Dealer Services argues that it made a firm offer of credit, that all purchasers of warranties were eligible for "0% financing," and that the screening for each of the identified criteria took place before the mailings. Again, it is undisputed that Dealer Services attempts to screen out from the mailing lists consumers with "extraordinarily expensive vehicles and extraordinary high-mileage vehicles" by setting limits on the dollar amount and date of commencement of an existing car loan. Pl.'s Resp. to Def.'s Statement of Undisputed Facts ¶¶ 9-10. Dealer Services argues further that consumers with expensive vehicles will typically have loans that fall outside the range specified and that those having high-mileage vehicles will typically have no loans or will have loan commencement dates beyond those specified. However, drawing all inferences in favor of Manley, Dealer Services' argument and facts do not negate the possibility that Dealer Services screens out consumers who are atypical using information on actual mileage and VINs, rejecting those who initiated a loan within the specified timeframe or with a value below the specified threshold but who have high mileage or expensive cars. Dealer Services asserts by affidavit that "[a]ll consumers who receive [its] mailings and purchase a motor vehicle extended service contract are eligible for 0% financing." Def.'s Statement of Add'l Facts ¶ 17. However, this statement presupposes that the consumer was deemed eligible to purchase a warranty but does not demonstrate that no consumer was deemed ineligible by dint of impermissible criteria.

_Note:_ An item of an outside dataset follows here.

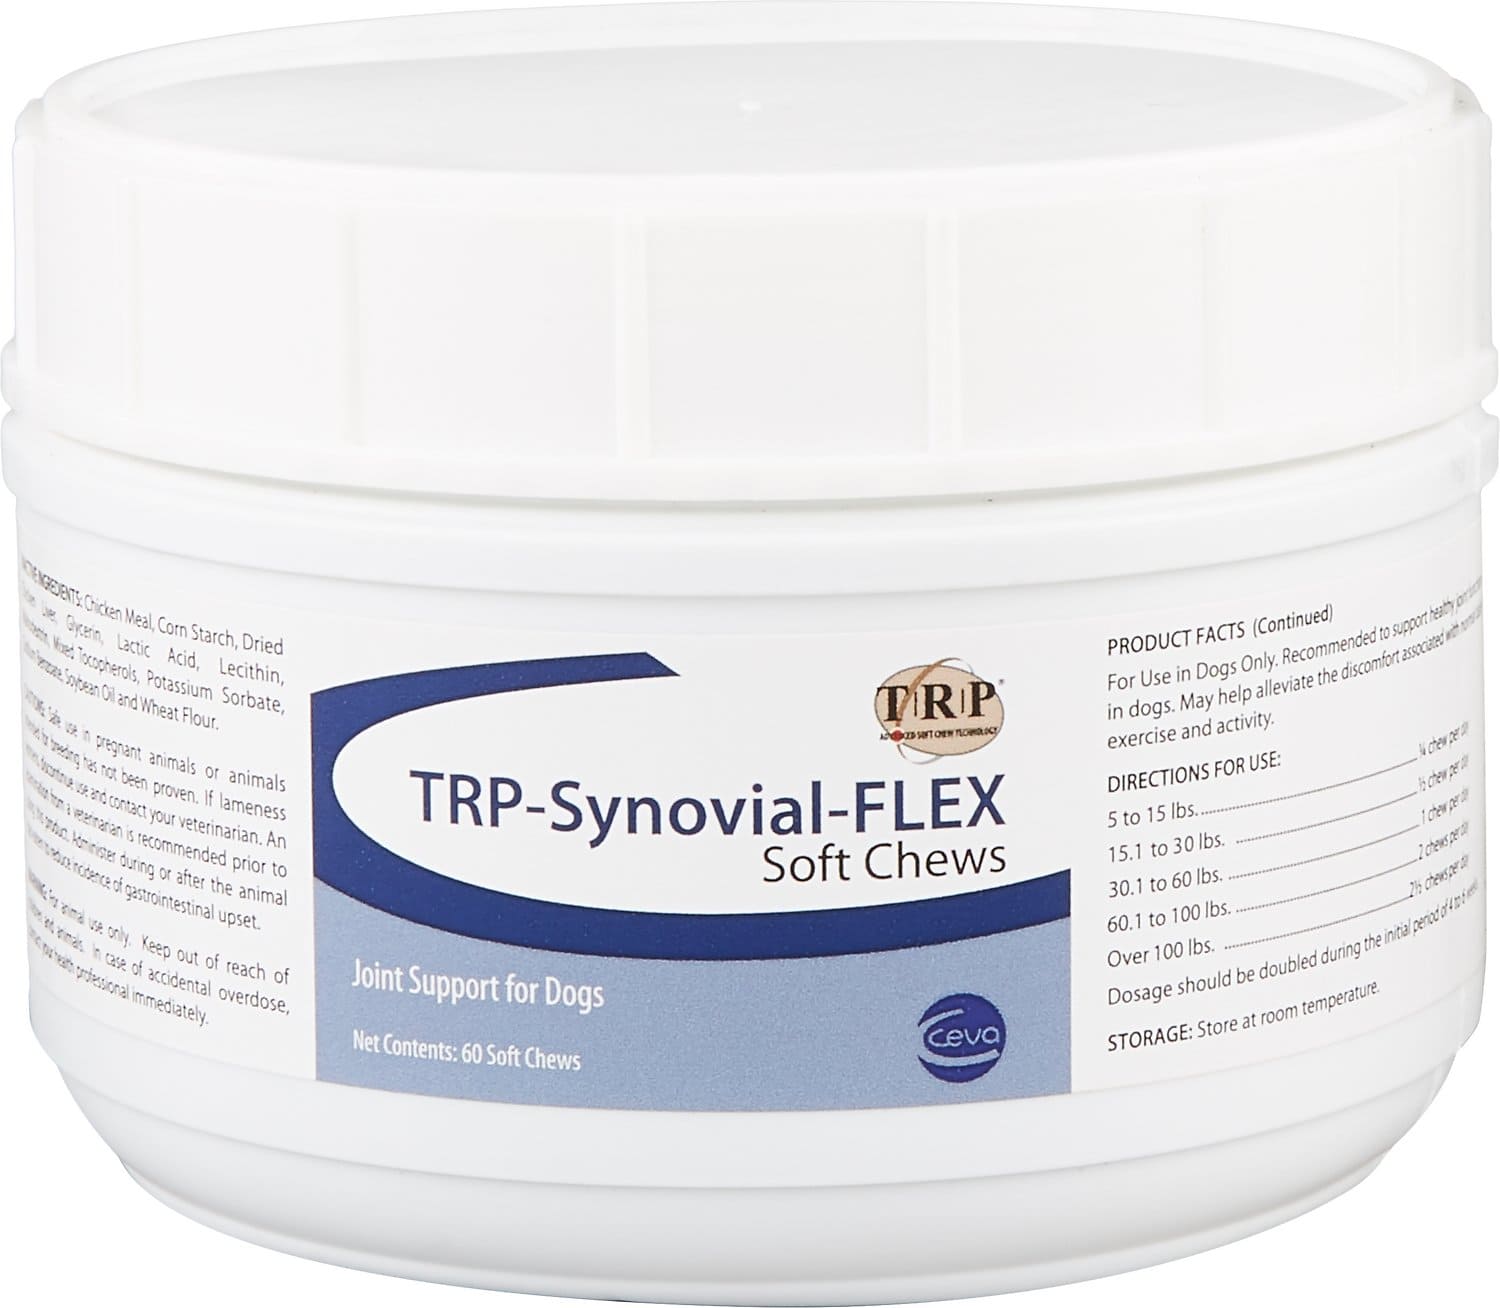 TRP-Synovial-Flex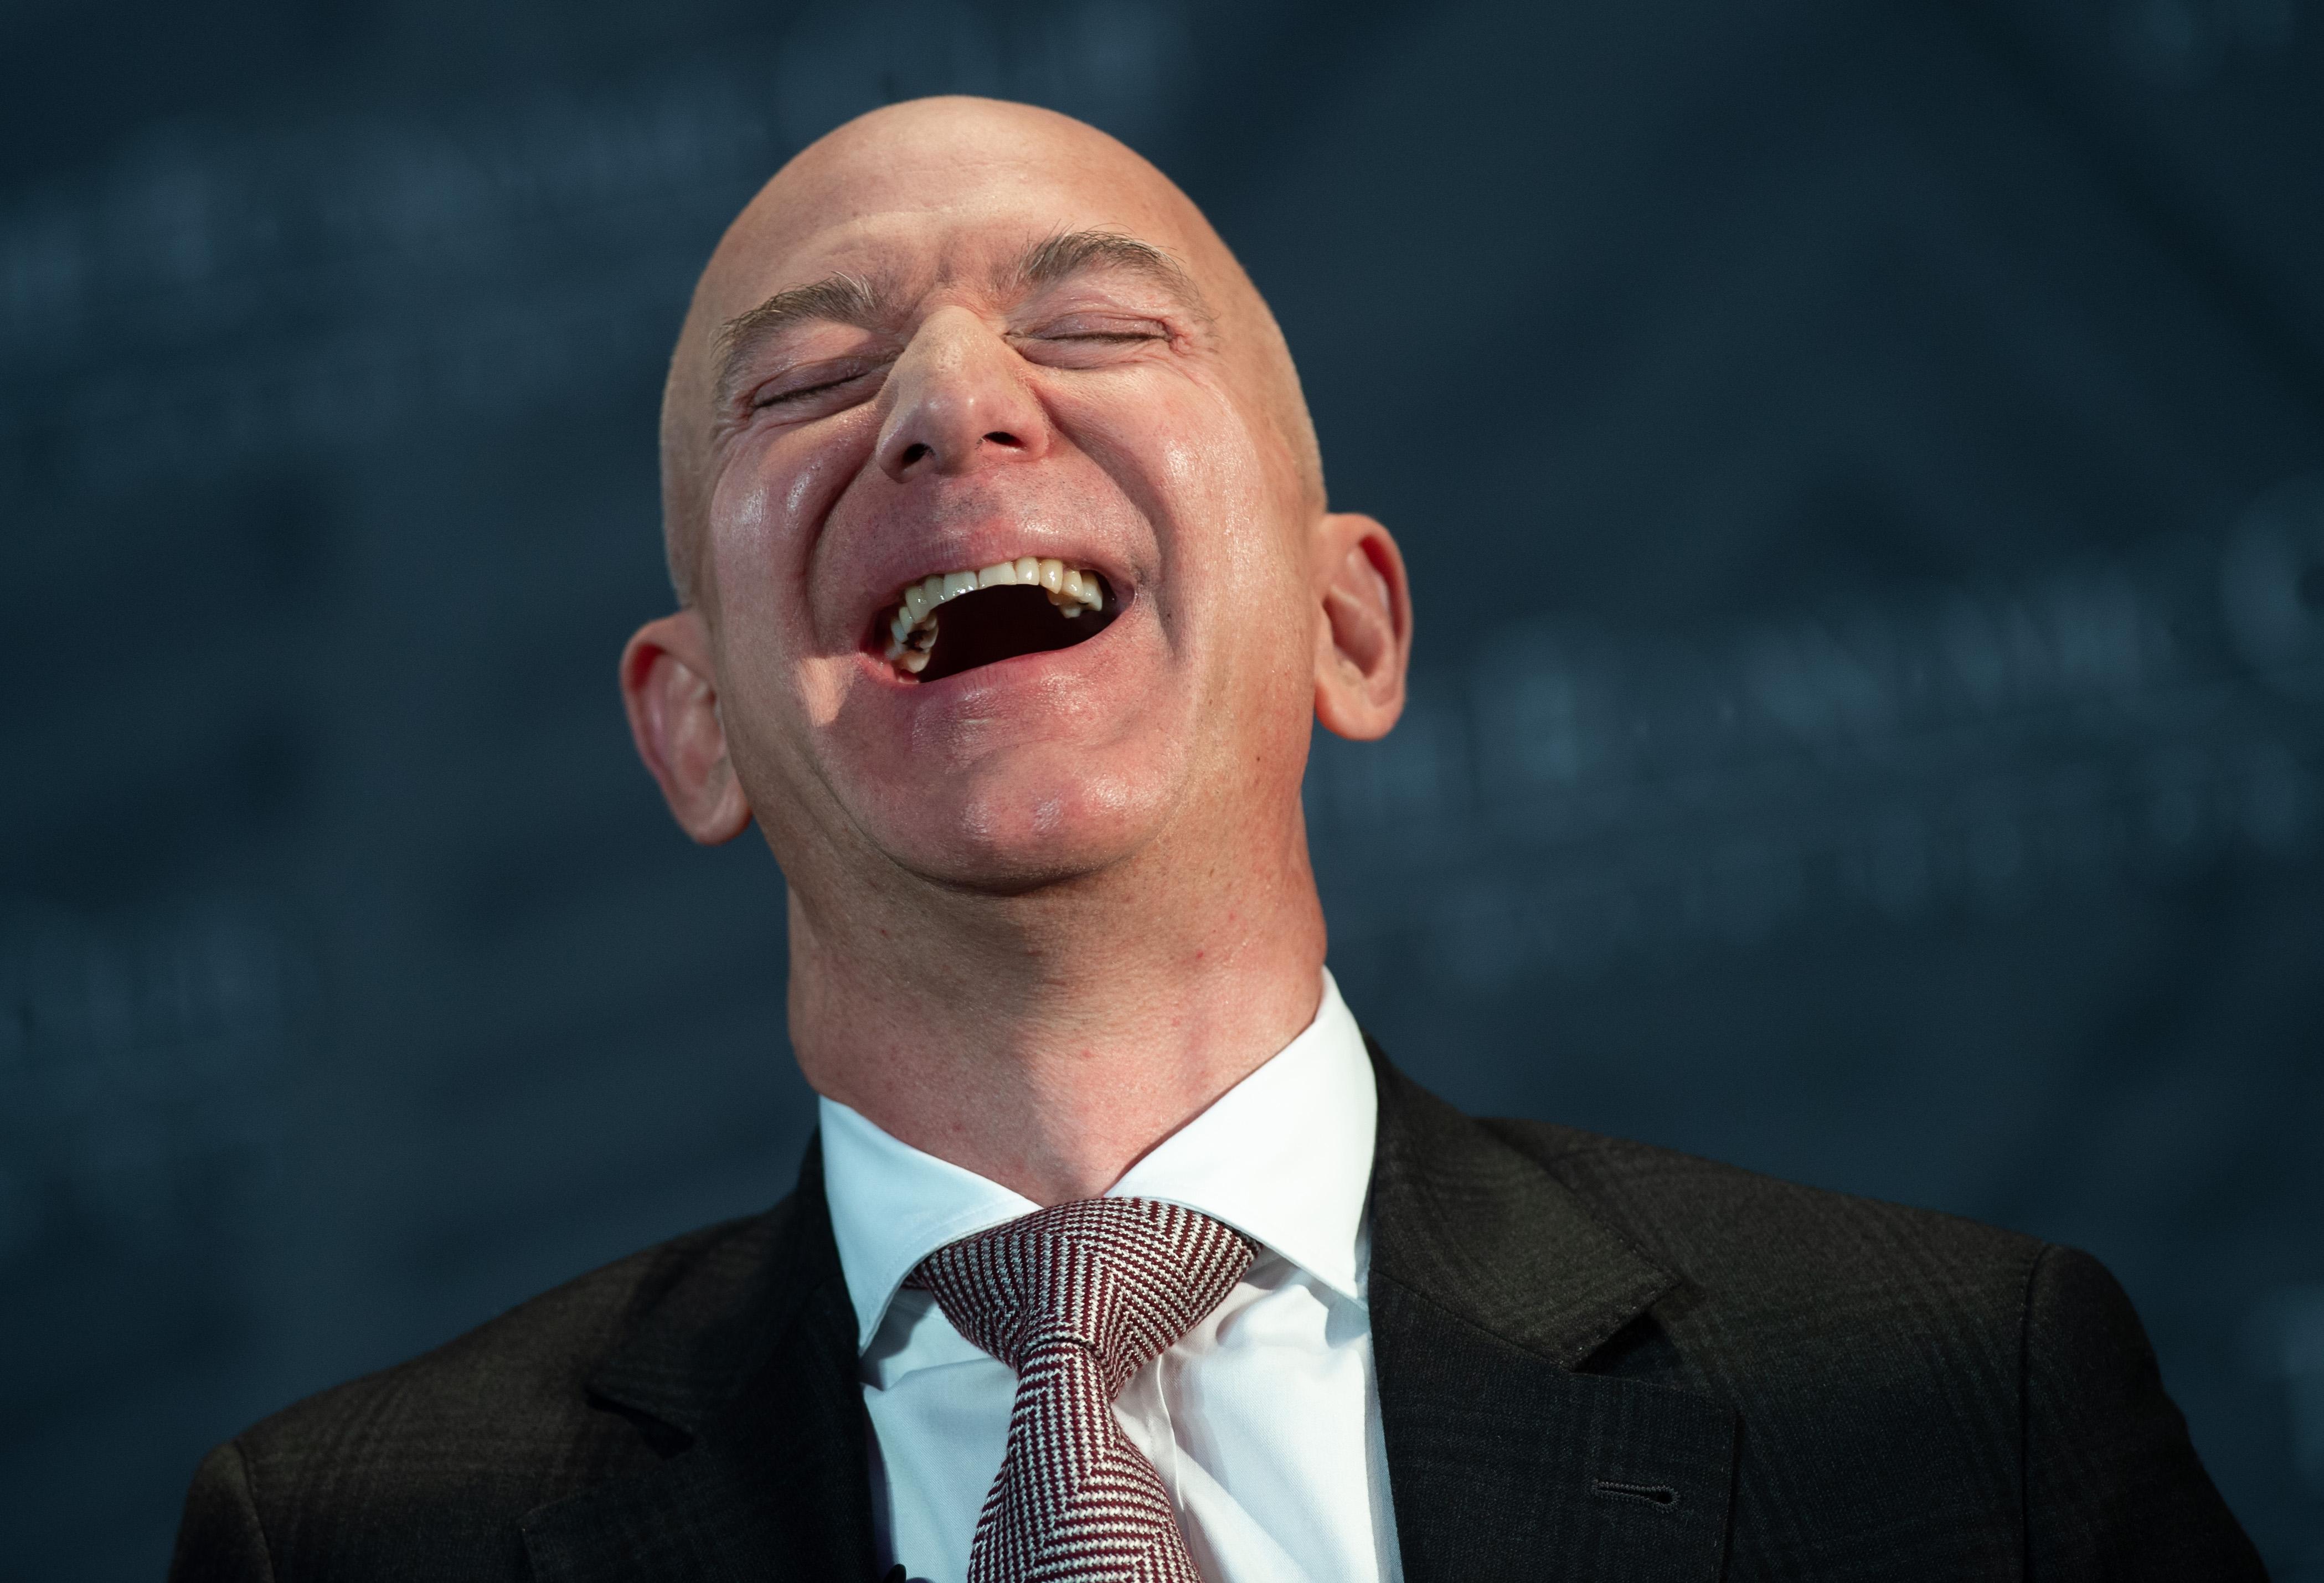 ‘Amazon’ Boss Jeff Bezos Just Got $13.2 Billion Richer In Just 15 MINUTES!!

Dealer Services improperly asserts this argument as a material fact and attempts to support the inference from testimony regarding Dealer Services' rationale for choosing its screening criteria. See Def.'s Statement of Undisputed Facts ¶ 11. In order for this statement to be a fact, rather than an argument, Dealer Services would need to present additional evidence, likely expert testimony, regarding the correlation of the selection criteria (value and age of loan) with disqualifying factors (expensive vehicle and high mileage).
Neither party has met its burden to prevail on summary judgment by citing to evidence in the record to demonstrate that it is entitled to judgment as a matter of law on the issue of whether Dealer Services screens consumers using impermissible criteria. Both parties' motions for summary judgment on Count II are denied without prejudice.
III. CONCLUSION
Plaintiff's motion for partial summary judgment is denied without prejudice. Defendant's cross-motion for partial summary judgment is also denied without prejudice.